Suns coach Earl Watson sees a lot of himself in Ronnie Price, and is willing to give him a coaching job when Price is ready to retire.

NBA: Phoenix Suns at Memphis Grizzlies Nelson Chenault-USA TODAY Sports

Ronnie Price might not be playing for the Phoenix Suns in 2016-17, but that doesn’t mean his future is Phoenix is over.

“If Ronnie Price moves on, which it looks like he has or will,” Suns coach Earl Watson told Bright Side. “Ronnie knows when he’s ready to coach he has a spot here.”

Watson and Price have had somewhat similar career tracks. Both point guards, Watson played for six teams in 13 years, while Price is moving onto his 7th team in 12 years.

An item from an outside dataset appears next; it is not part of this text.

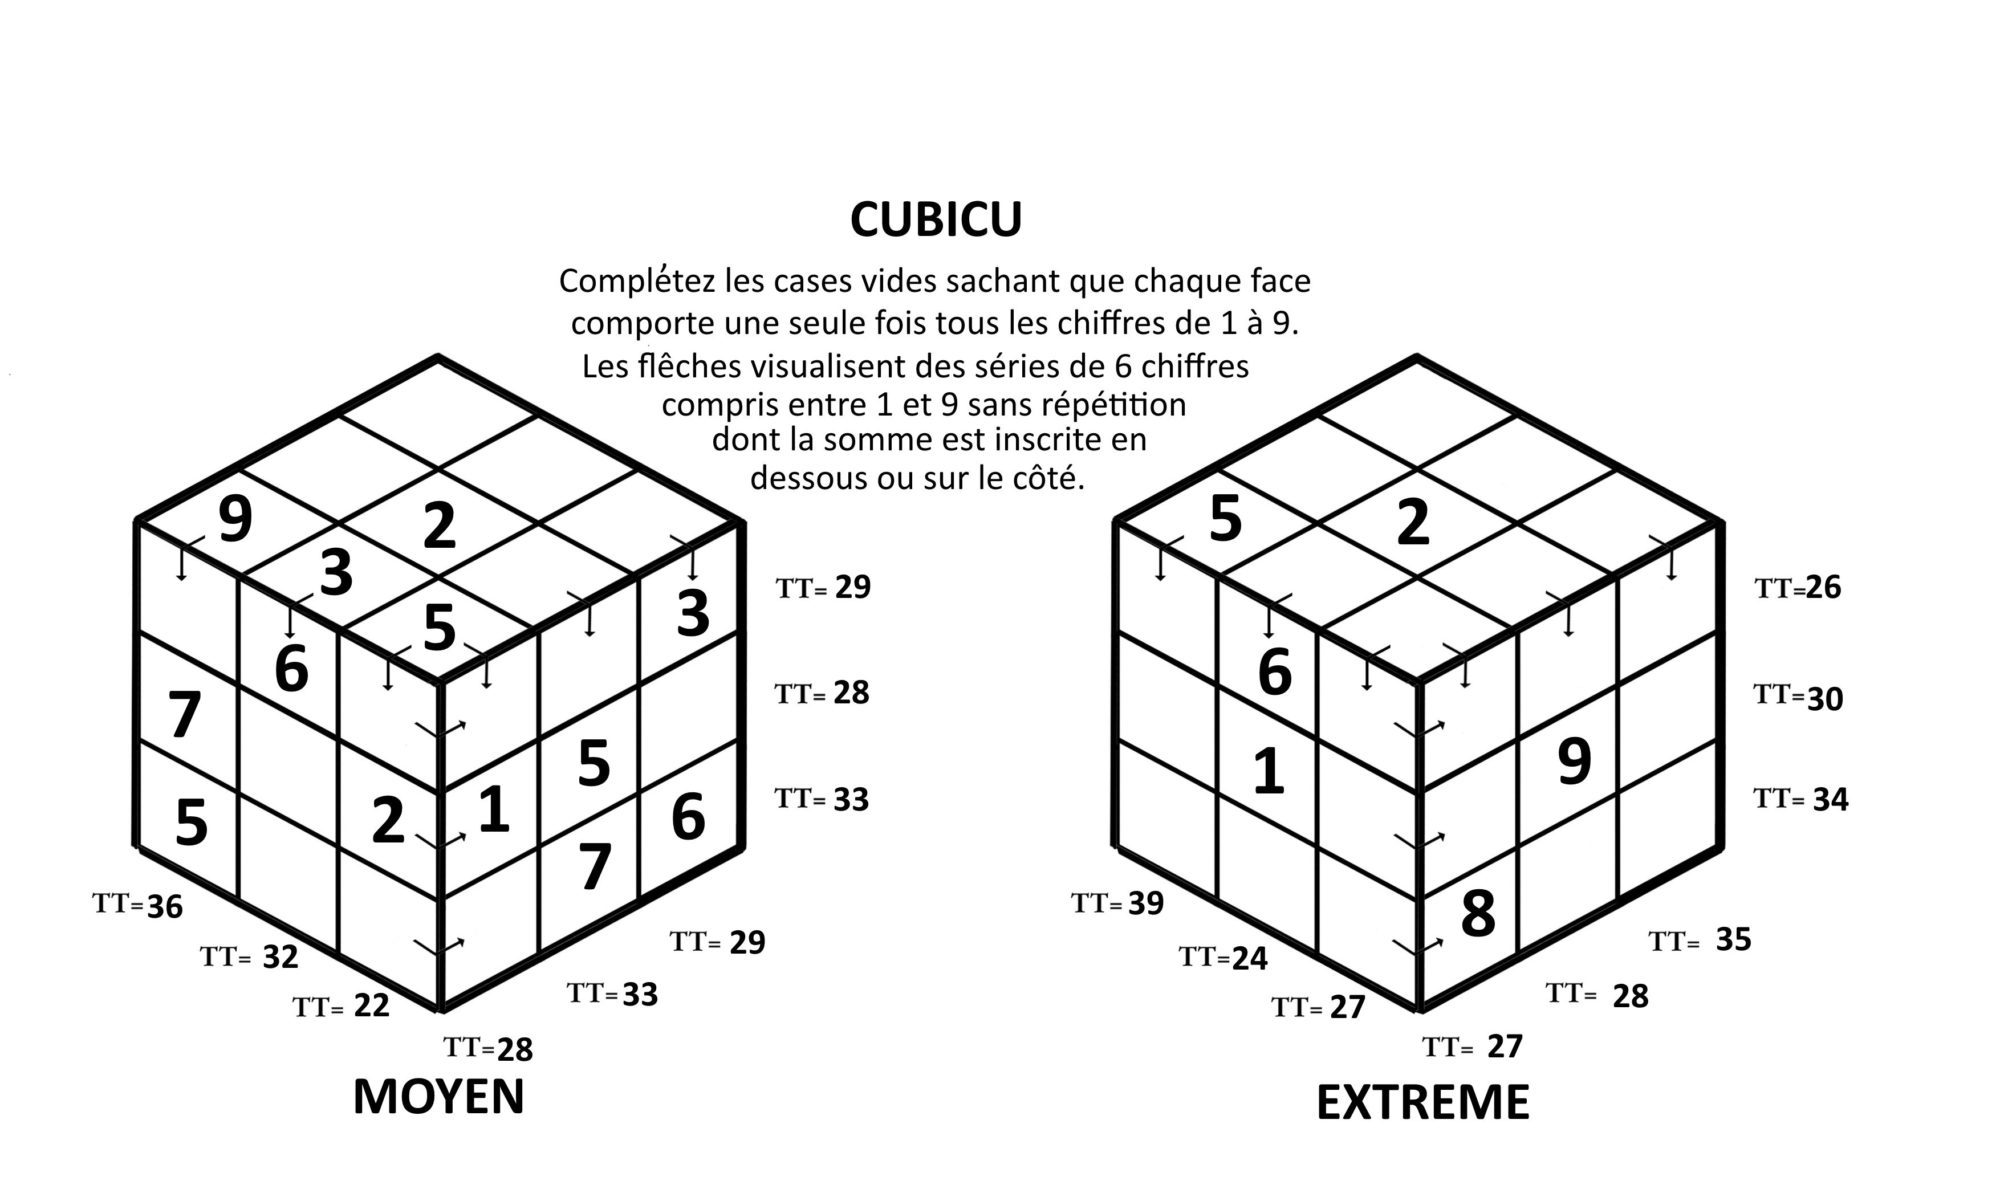 Cubicu

Watson had two seasons where he started more than 50 games, while Price reached his apex last season the last two seasons with 38 starts combined.

Though Watson’s role was a bit larger than Price’s throughout, they both figured out how to contribute positively to teams and stay in the league for more than a decade in a backup point guard role for multiple teams.

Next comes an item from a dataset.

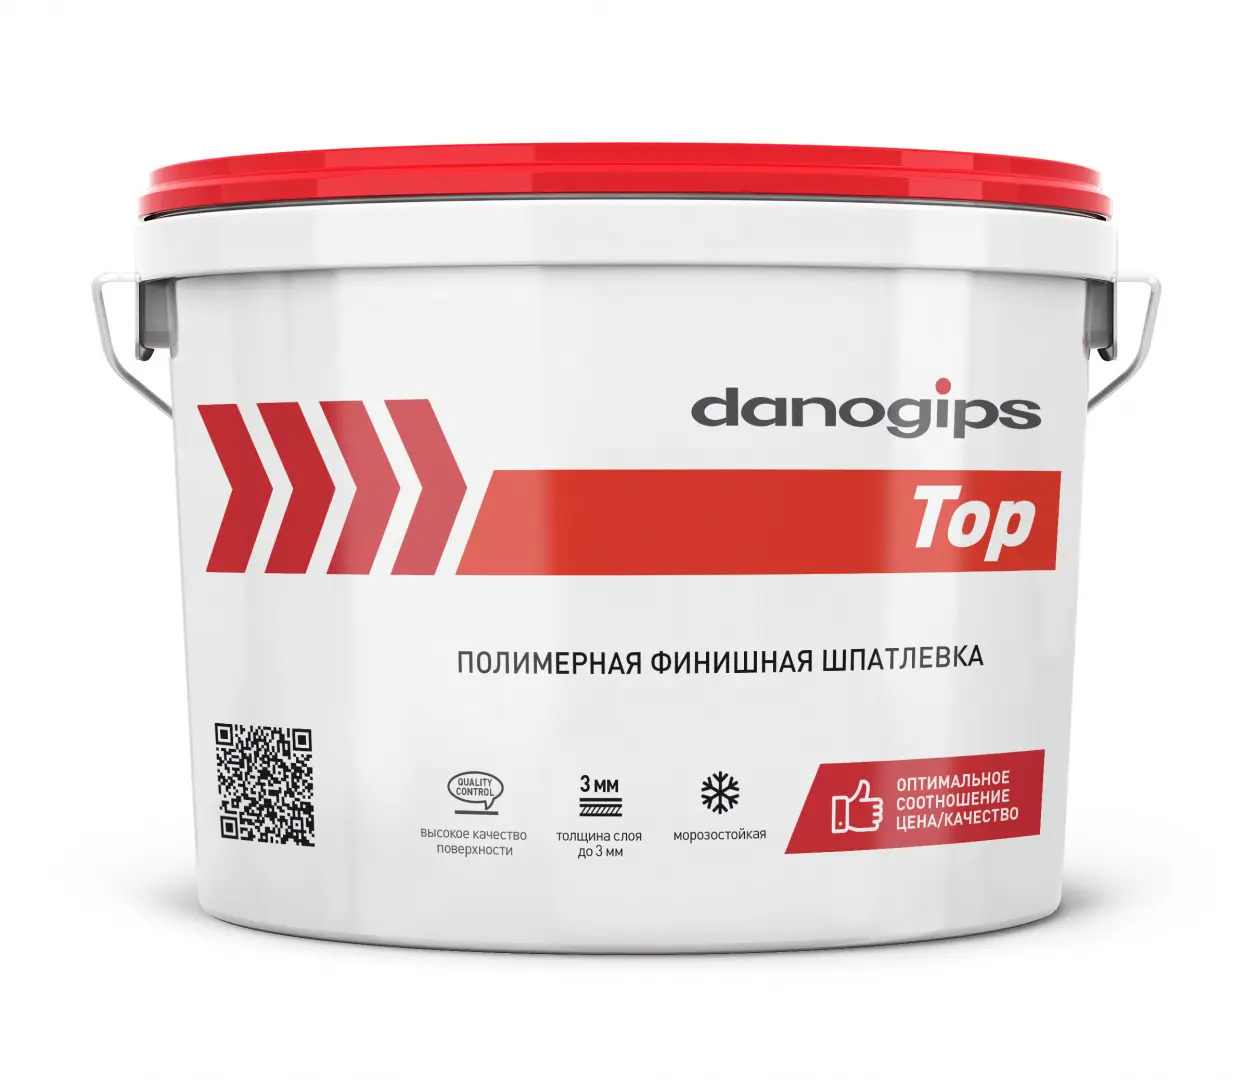 Шпатлевка Danogips DANO TOP полимерная финишная 3,5л/5кг.

Their paths crossed in Utah during the 2010-11 season, where they both came off the bench for first Jerry Sloan and then Tyrone Corbin (Watson’s assistant now with the Suns). Sloan retired mid-year and Corbin took over in the same year Deron Williams was traded to New Jersey for Devin Harris and Derrick Favors, primarily. Raja Bell was also a member of that team.

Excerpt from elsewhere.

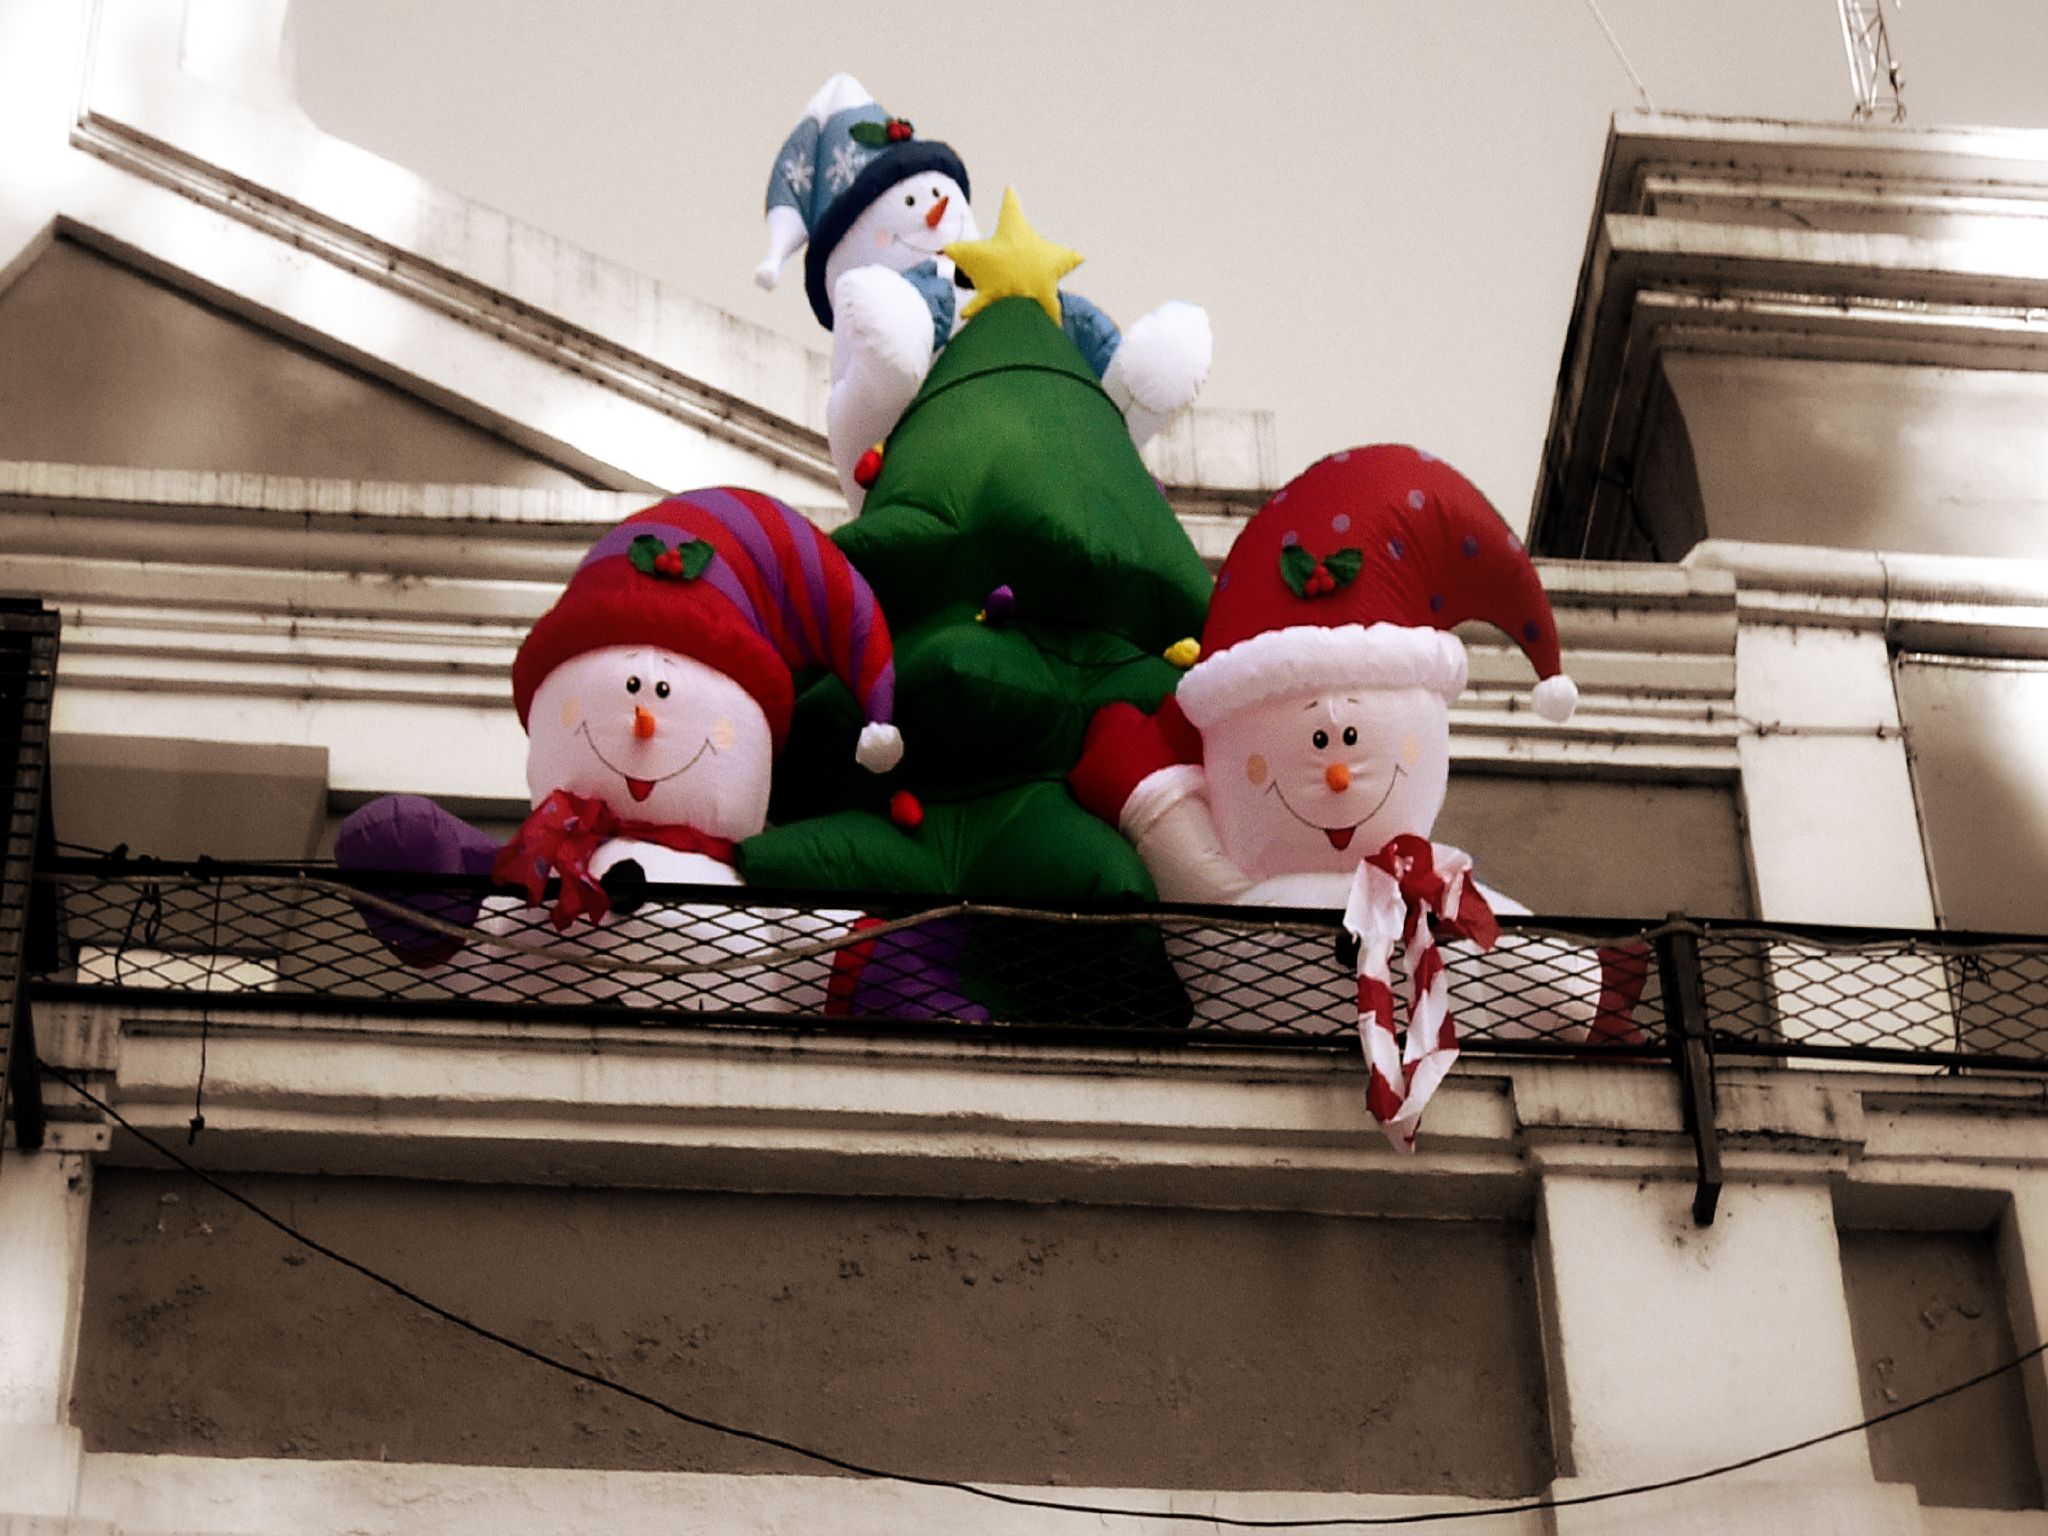 Fondos hd muñecos de nieve inflable en balcon

“For me personally I love and appreciate him as a brother,” Watson said. “I know his entire family, I remember when the kids were babies, I know his wife, so for me it’s a lifelong relationship.”

We have heard this and that about former Suns backup PG Ronnie Price signing with the Oklahoma City Thunder on a two-year deal, but nothing has materialized officially as of yet.

The Suns are just letting it play out.

“We support each other, we love each other,” Suns coach Watson said. “It’s a business decision for Ronnie. Of course he really appreciated everything here and he wished it could have worked out here, but for Ronnie moving forward it’s a great opportunity for his family financially.”

The key is getting that second guaranteed year. With money flowing rich this summer, Price early on got an opportunity for a two-year contract - something a 33-year old backup point guard with a long history of one-year minimum contracts was unlikely to see again.

“Ronnie Price as my former teammate and a guy I’ve known for almost ten years now,” Watson said, “Is at the point of his career where job security ‘plus one’ is important.”

The Suns, meanwhile, lucked into picking Tyler Ulis in the second round and appear to have confidence that Brandon Knight and Devin Booker will be able to support each other in complementary roles next year alongside Eric Bledsoe.

With Knight, Booker, Ulis and Bledsoe all locked up for three-plus years, there’s no need to give a two-year guaranteed contract to Price. The Suns wanted Price back at one year.

“Management has to do their job and they execute it,” he said. “They feel what’s best financially and for the vision of the team, and we all trust and believe in that.”

Make no mistake, Watson will miss Price. He spoke often last year that Ronnie was best suited as a third point guard off the bench but showed ultimate professionalism and moxie by instead having his best year as pro at the old age of 33 - just three years younger than Watson, and one year short of Watson’s own retirement age.

Watson even hinted last year that he’d love to see Price become a coach some day.

Now Watson will gladly make a spot available on his staff for Price, whenever he’s ready.